When our host connects to the OT-2 via Wi-Fi, it is virtually connecting to the physical
serial OUT on the device. That is, it starts seeing the same MTS data that is streaming to
the gauge. But it does not see the gauge, or any other devices chained from the OT-2’s
serial OUT on.

Because of the way the protocol works, everyone (including the host) only has access to
data generated ahead of them in the chain. Anything behind you is invisible to you.

So, from the point of view of our host (presumably an application running on the retro
looking ‘smart phone’ above), the gauge simply does not exist. We can put our finger
over it and see a straight line chain, with us at the left side of it.

At the other end of our chain from our host we have our chain’s “Head” unit. How does
that particular LC-1 know that it is the head unit? Simple, at power-up each device (but
not the host) sends an “H” to its serial IN port. If the device hears an echo, it knows that it
is the one at the end of a chain with the loop back plug.

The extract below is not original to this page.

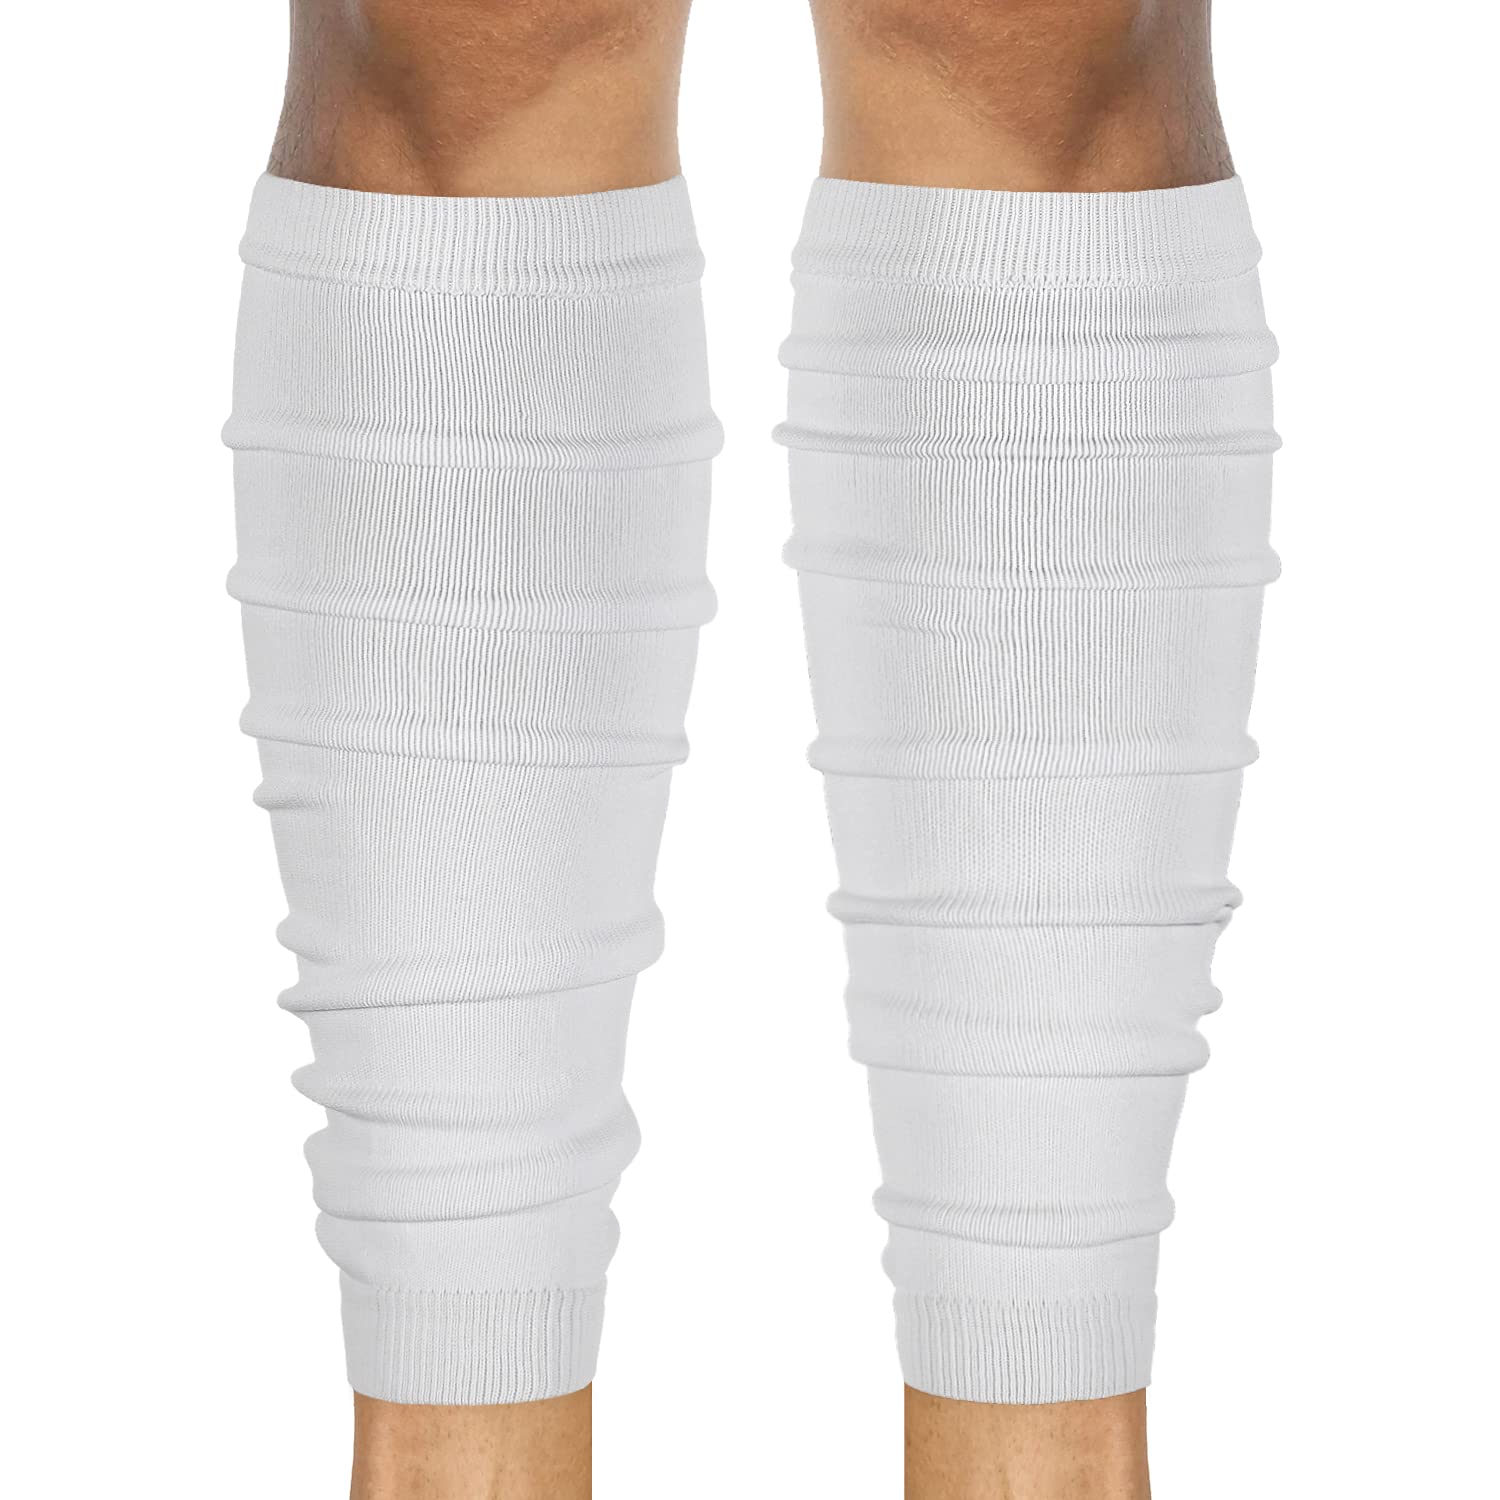  Zensah Full Leg Compression Sleeve - Long Full Length Support  for Thigh, Knee, Calf for Men, Women, Running, Basketball, Football (Small,  Black) : Health & Household

There has been some confusion about loop back plugs (sometimes called “Arnold”, for
the sake of a pun too painful to repeat here). User’s seem confused about rather the plugs
are necessary or not. The bottom line is that a working MTS chain must always have a
loopback at the end. The reason that it seems like it is sometimes not necessary is that
most new MTS devices (like the OT-1b/2) self terminate when nothing is plugged into
them. Only the earlier MTS devices, like the LC-1, actually require a physical plug.

Once a unit has determined that it is ‘Head’, it begins to start sending data packets, each
containing what information it has (in this case, an AFR measurement) to the device’s
serial OUT connection. Data packets are always generated once every 81.92
milliseconds.

This is important because it means that the MTS stream does not just represent data
values, but also represents a timeline. As to ‘why 81.92 milliseconds?’ the answer is that
automotive science suggests that a sample rate of at least 12 Hz is very good for the types
of measurements we normally do with our equipment. But dividing 1 with 12 gives 83
and 1/3 milliseconds (lots of 3333…) But if you take an 8 MHz clock and divide it by
65536 (a 16 bit counter), you get 81.92 milliseconds. Care to guess at the clock rate of the
original LM-1 or the size of the counter registers used to generate the MTS sample rate in
it?!

So, now we have a ‘timeline’ (or sample clock) where each packet represents a ‘tick’, a
measurement from the first LC-1, and a history lesson, but what happens next? To
understand you need to remember that devices ‘see’ data from all the devices that
proceed them (it arrives on their own serial IN port). So, our second LC-1, just after the
‘head’, ‘sees’ the MTS packets transmitted by the first one.